#### DATASET EXTRACT ####
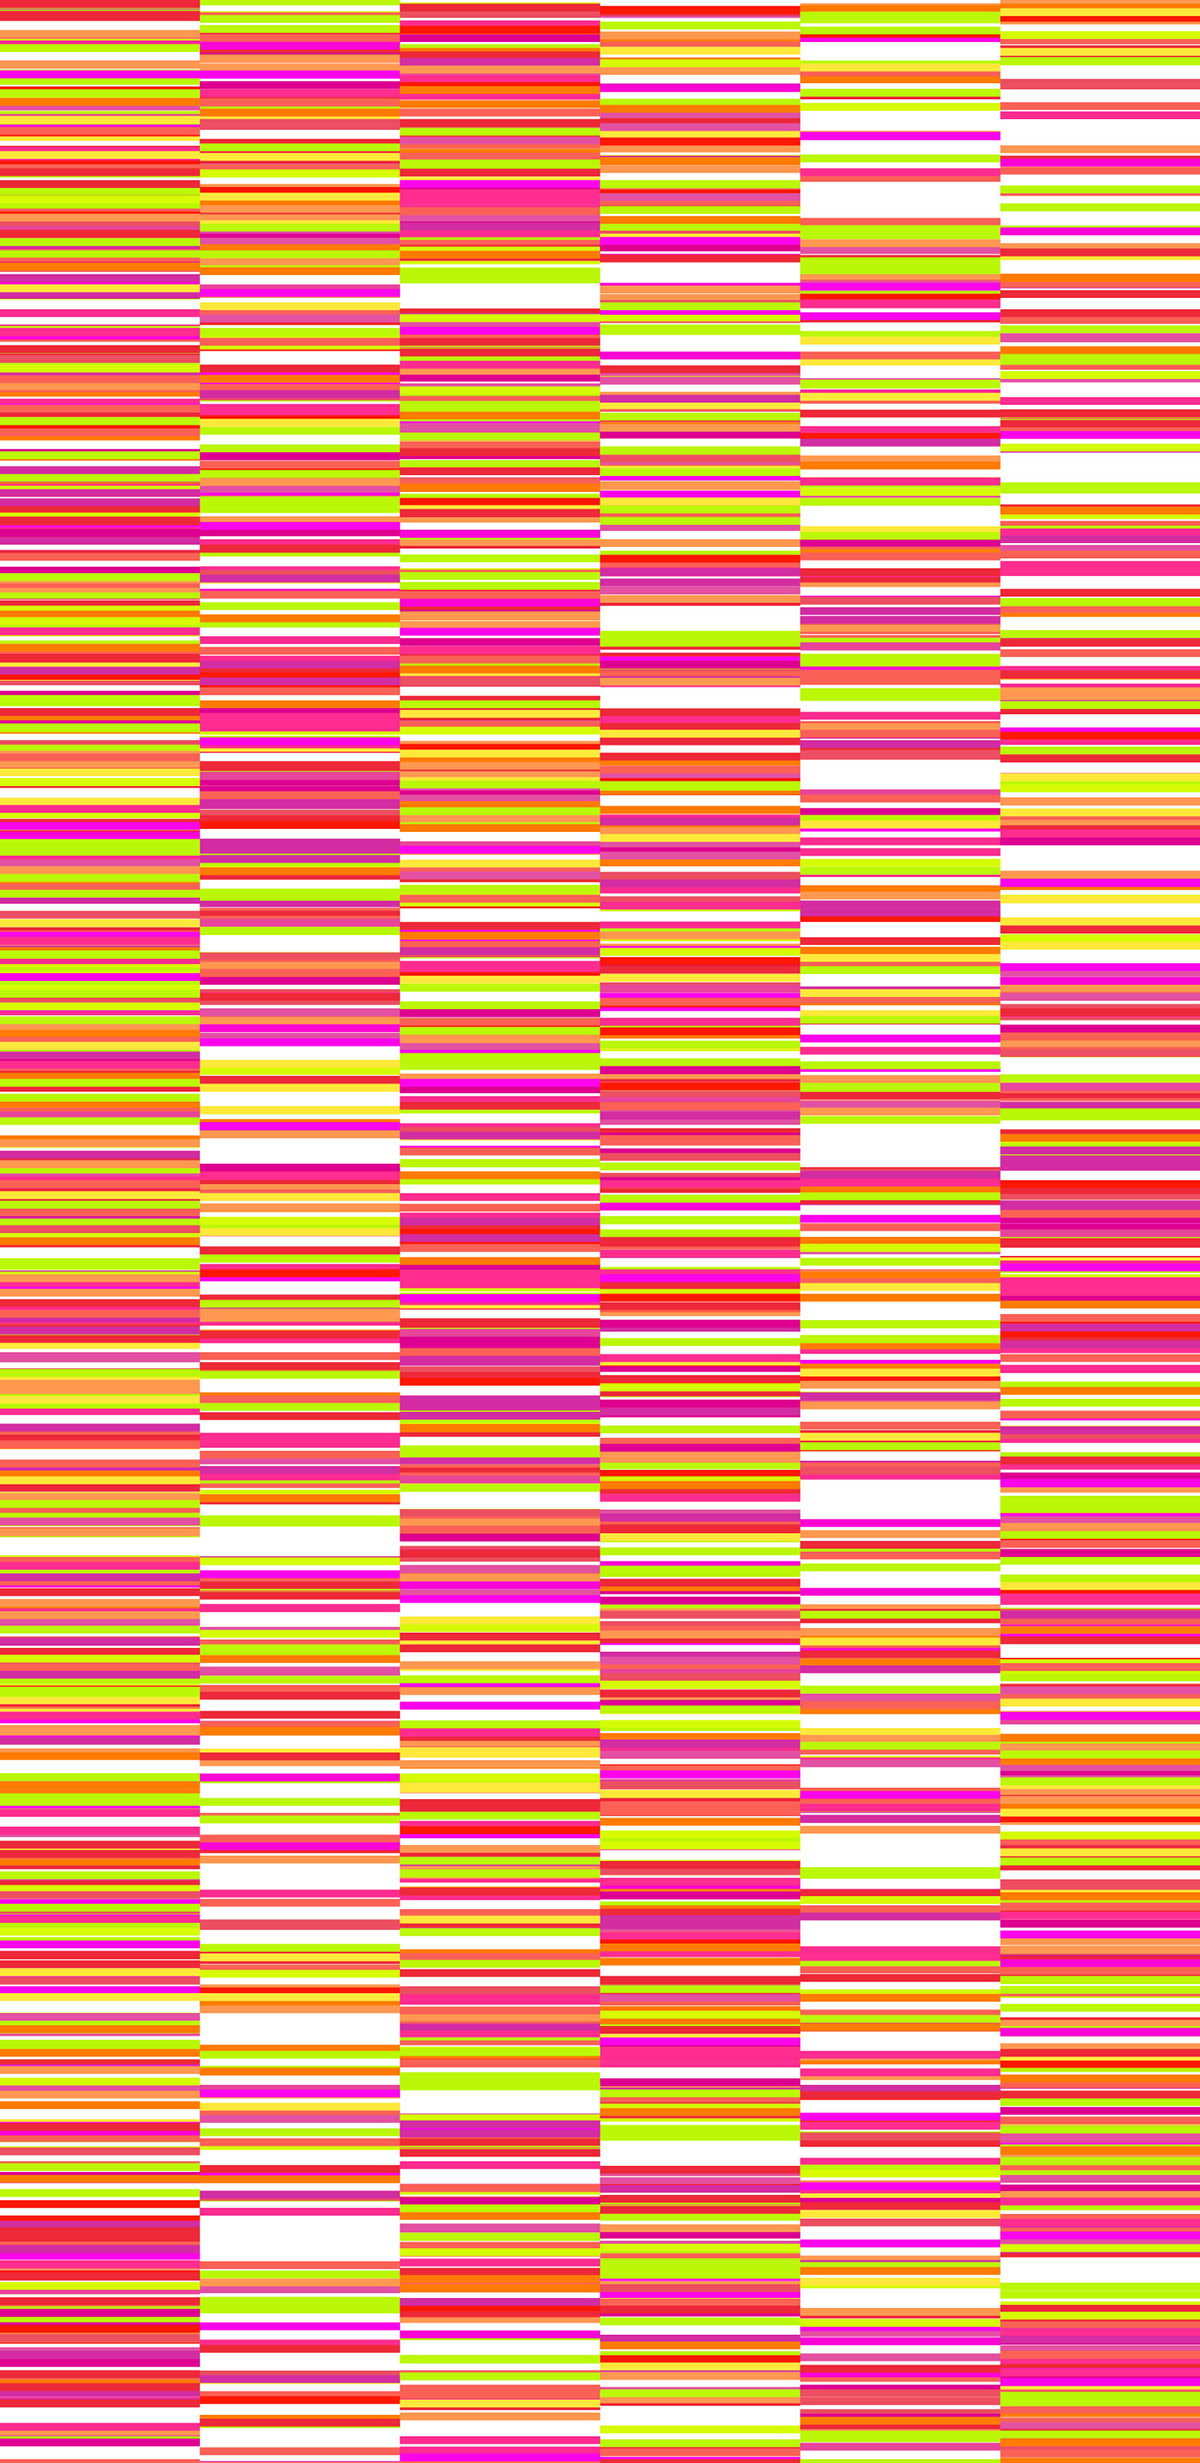 colores colors code codigo rayas lines pattern nice happy alegre colores lindos
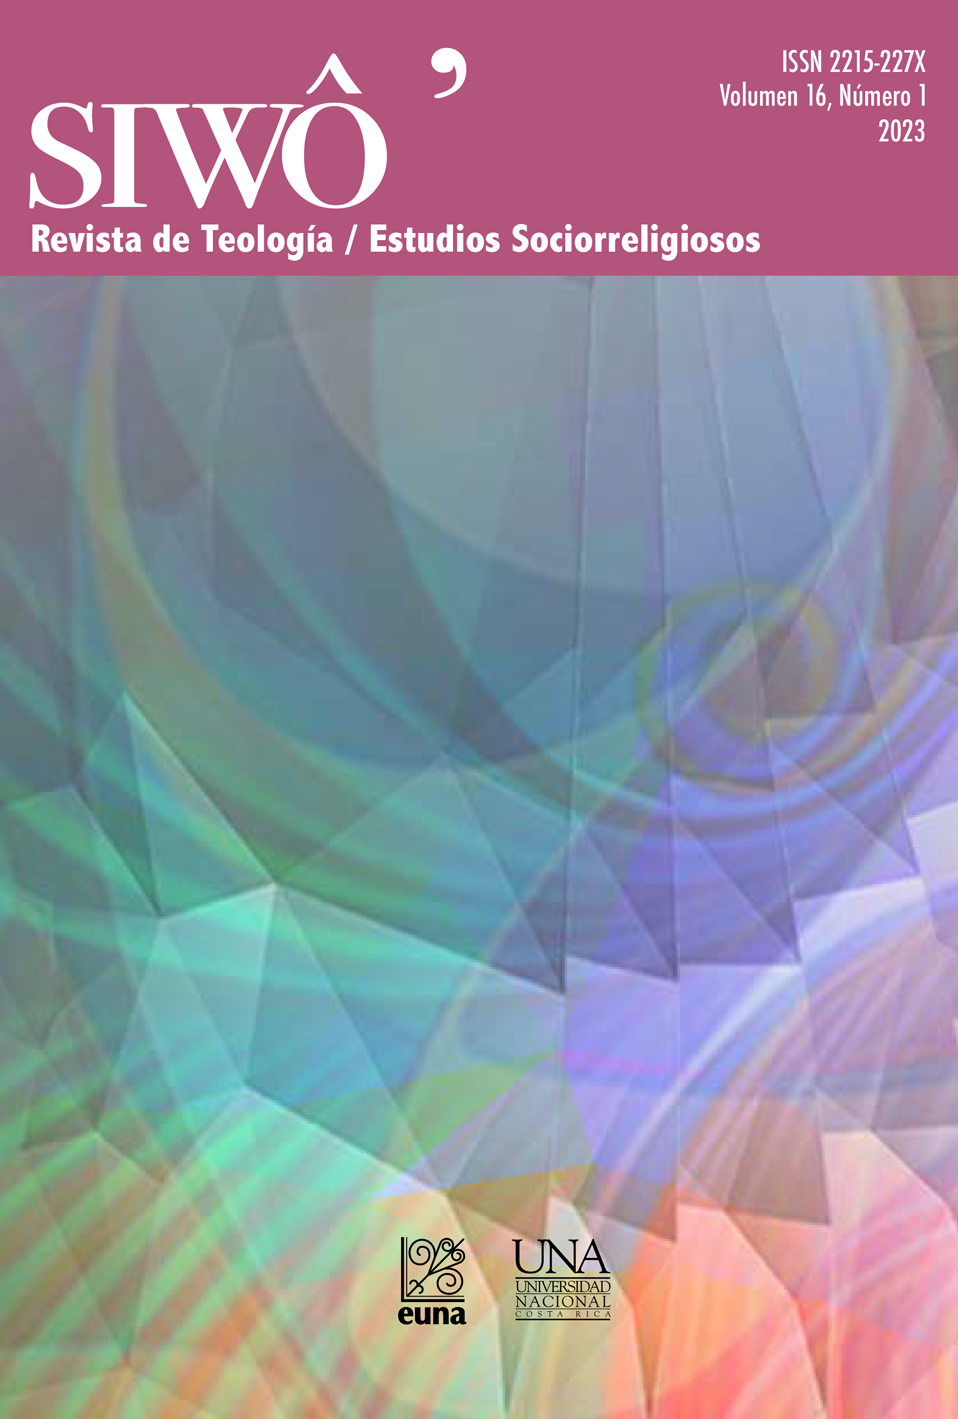 SIWÔ' Revista de Teología/Revista de Estudios Sociorreligiosos, presenta el Volumen 16. Número 1. (2023)
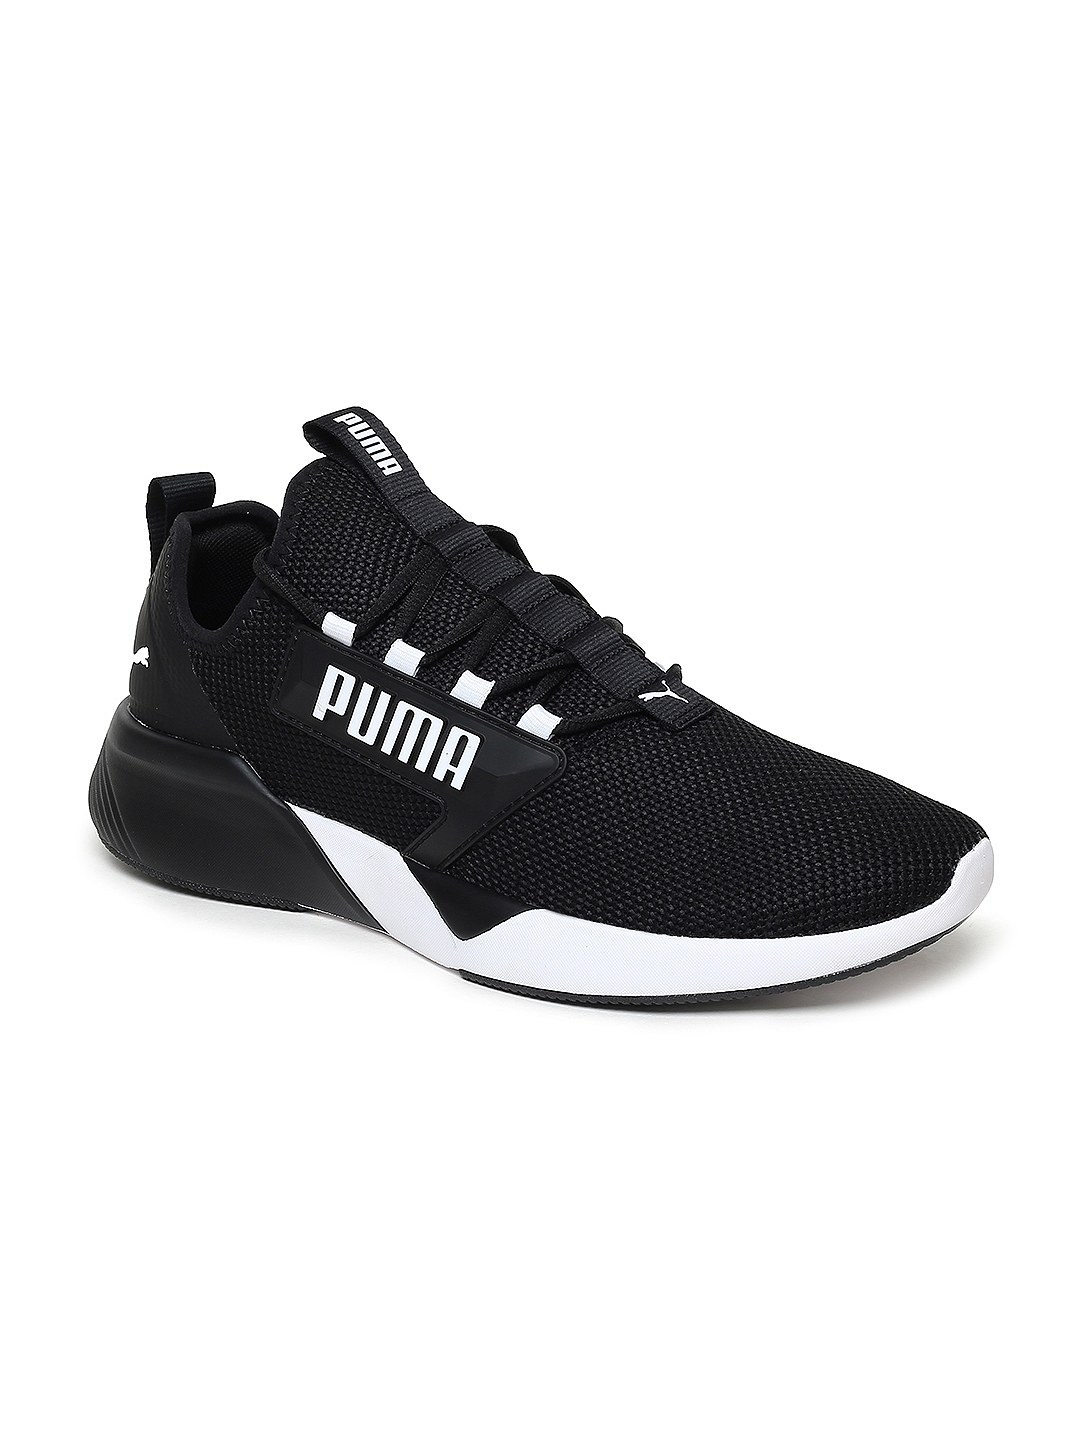 Puma Men Black Retaliate Running Shoes
####
Only the pictures stay out; everything else in the listing above must be repeated exactly.

 colores colors code codigo rayas lines pattern nice happy alegre colores lindos
 SIWÔ' Revista de Teología/Revista de Estudios Sociorreligiosos, presenta el Volumen 16. Número 1. (2023)
 Puma Men Black Retaliate Running Shoes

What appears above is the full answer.